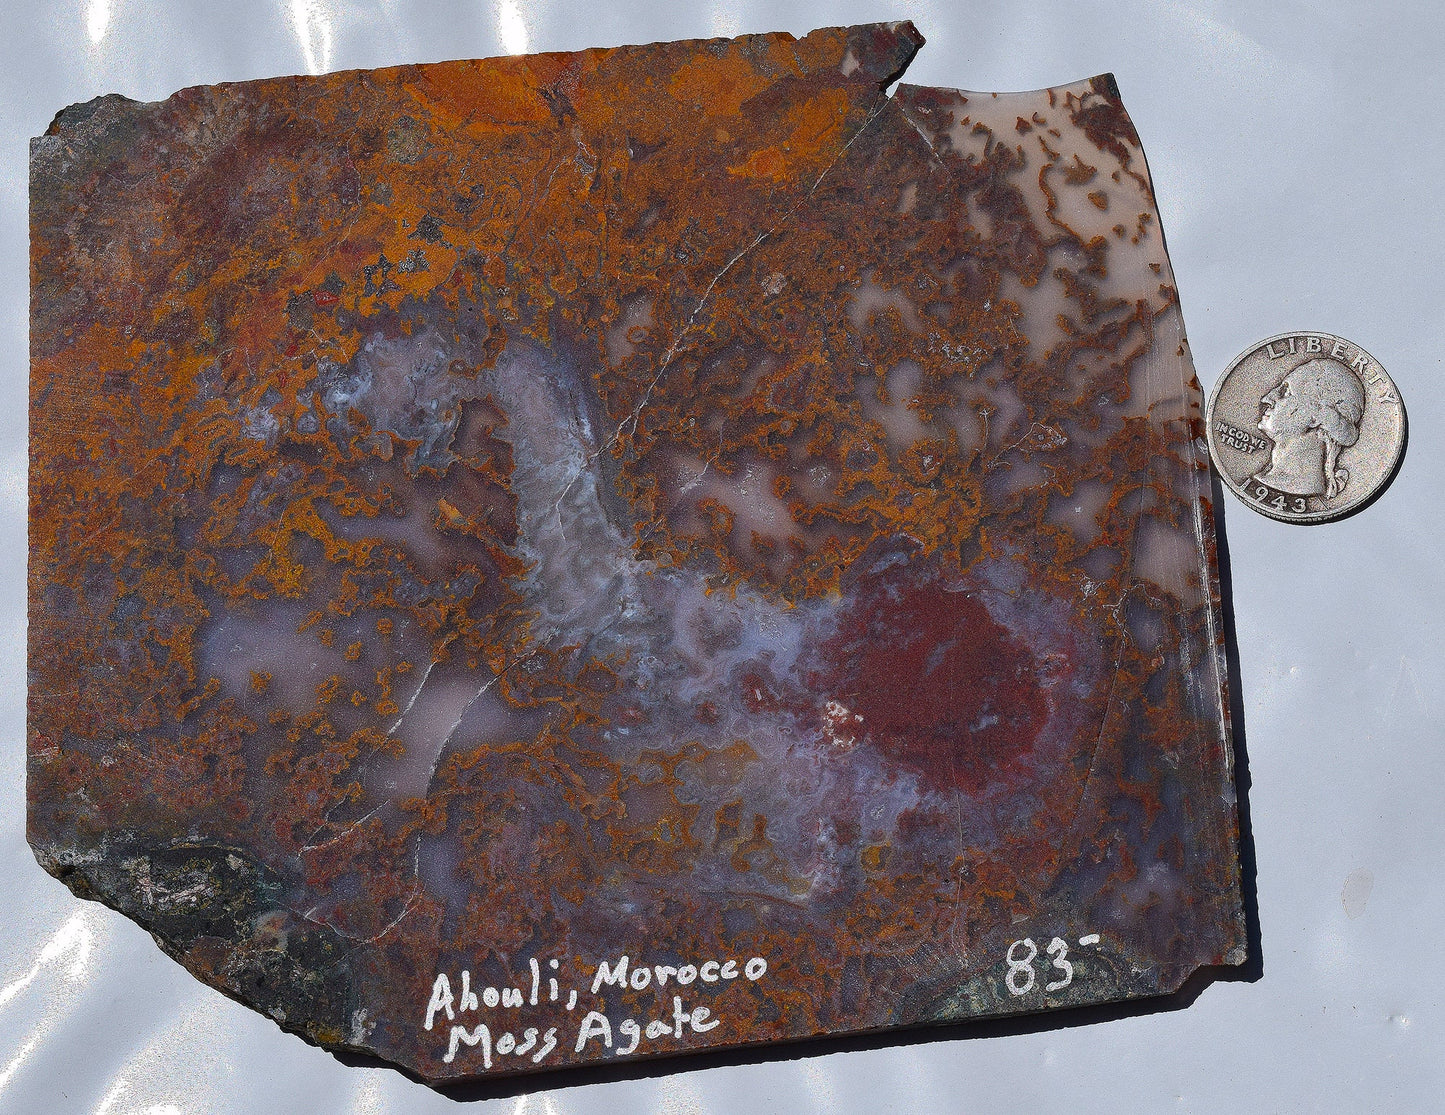 Rare, multi-colored moss agate from the Ahouli beds in Morocco. #3
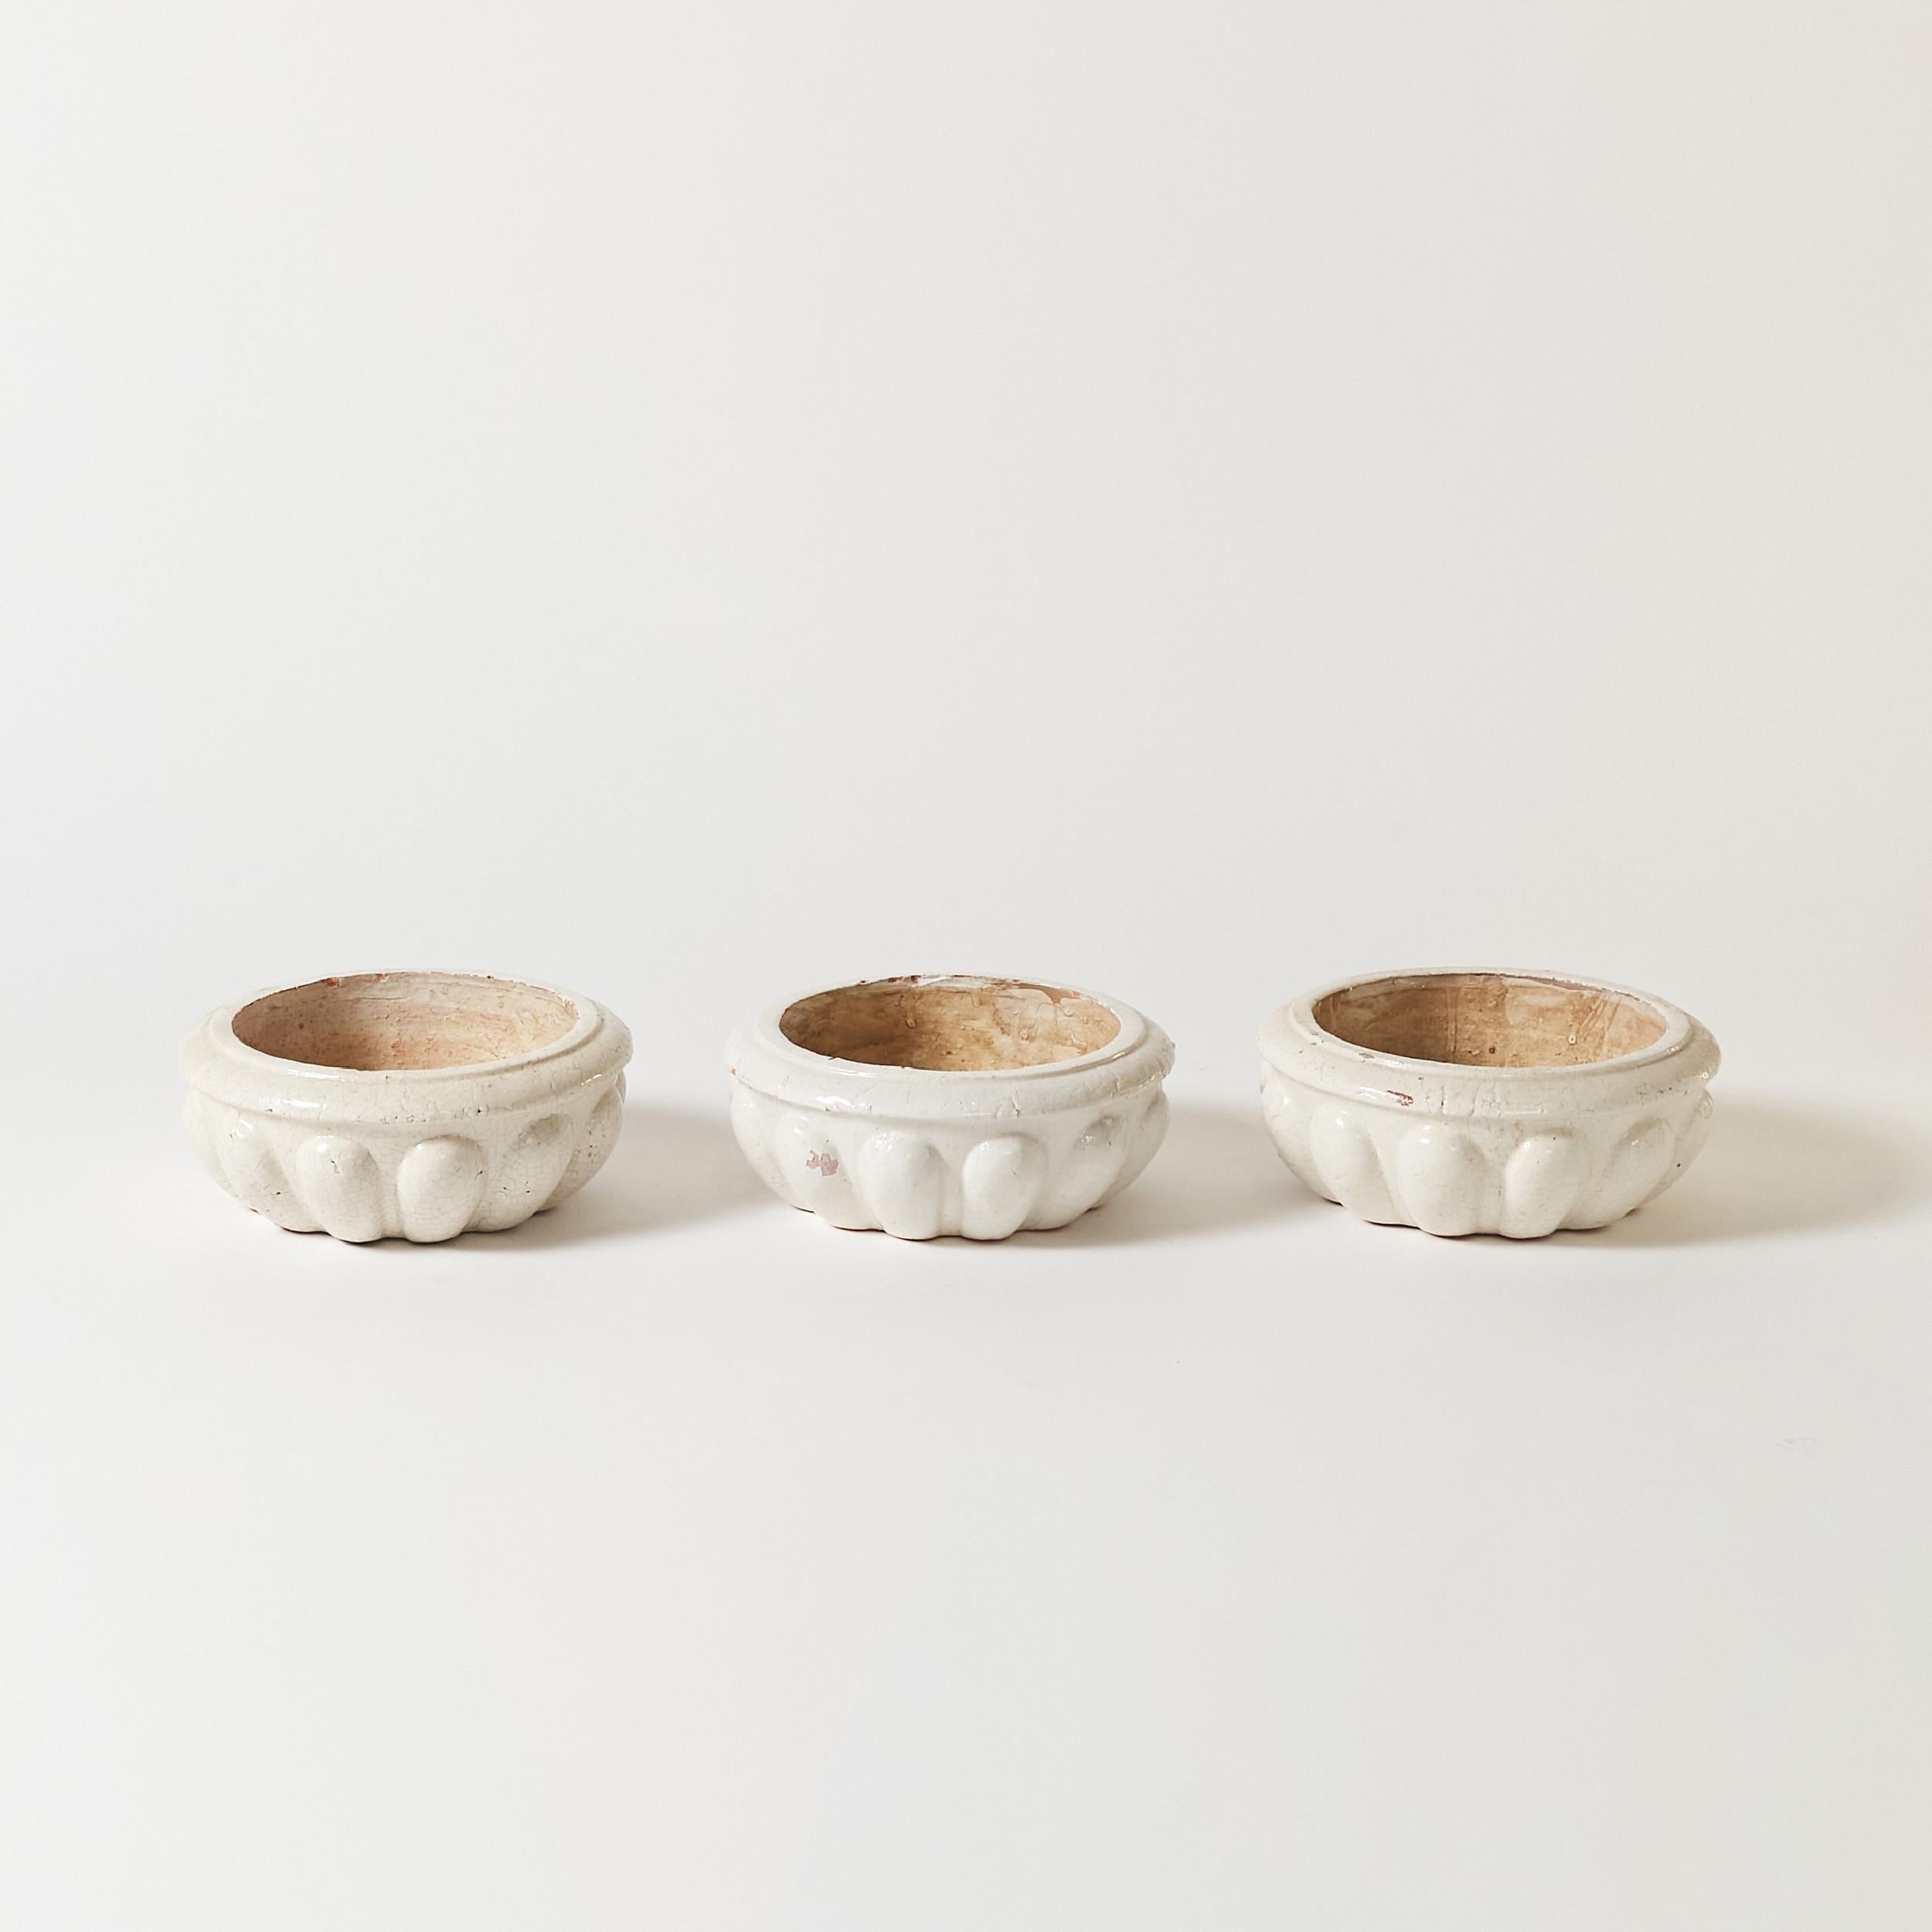 Set of three Dutch terracota low round planters finished in white crackled glaze finish.
PTMD stamped on bottom.

> [WHAT IS REQUIRED]:
Leave out the pictures and copy the rest of the material above exactly.

> [SOLVED EXERCISE]:
 Rare, multi-colored moss agate from the Ahouli beds in Morocco. #3
 Set of three Dutch terracota low round planters finished in white crackled glaze finish.
PTMD stamped on bottom.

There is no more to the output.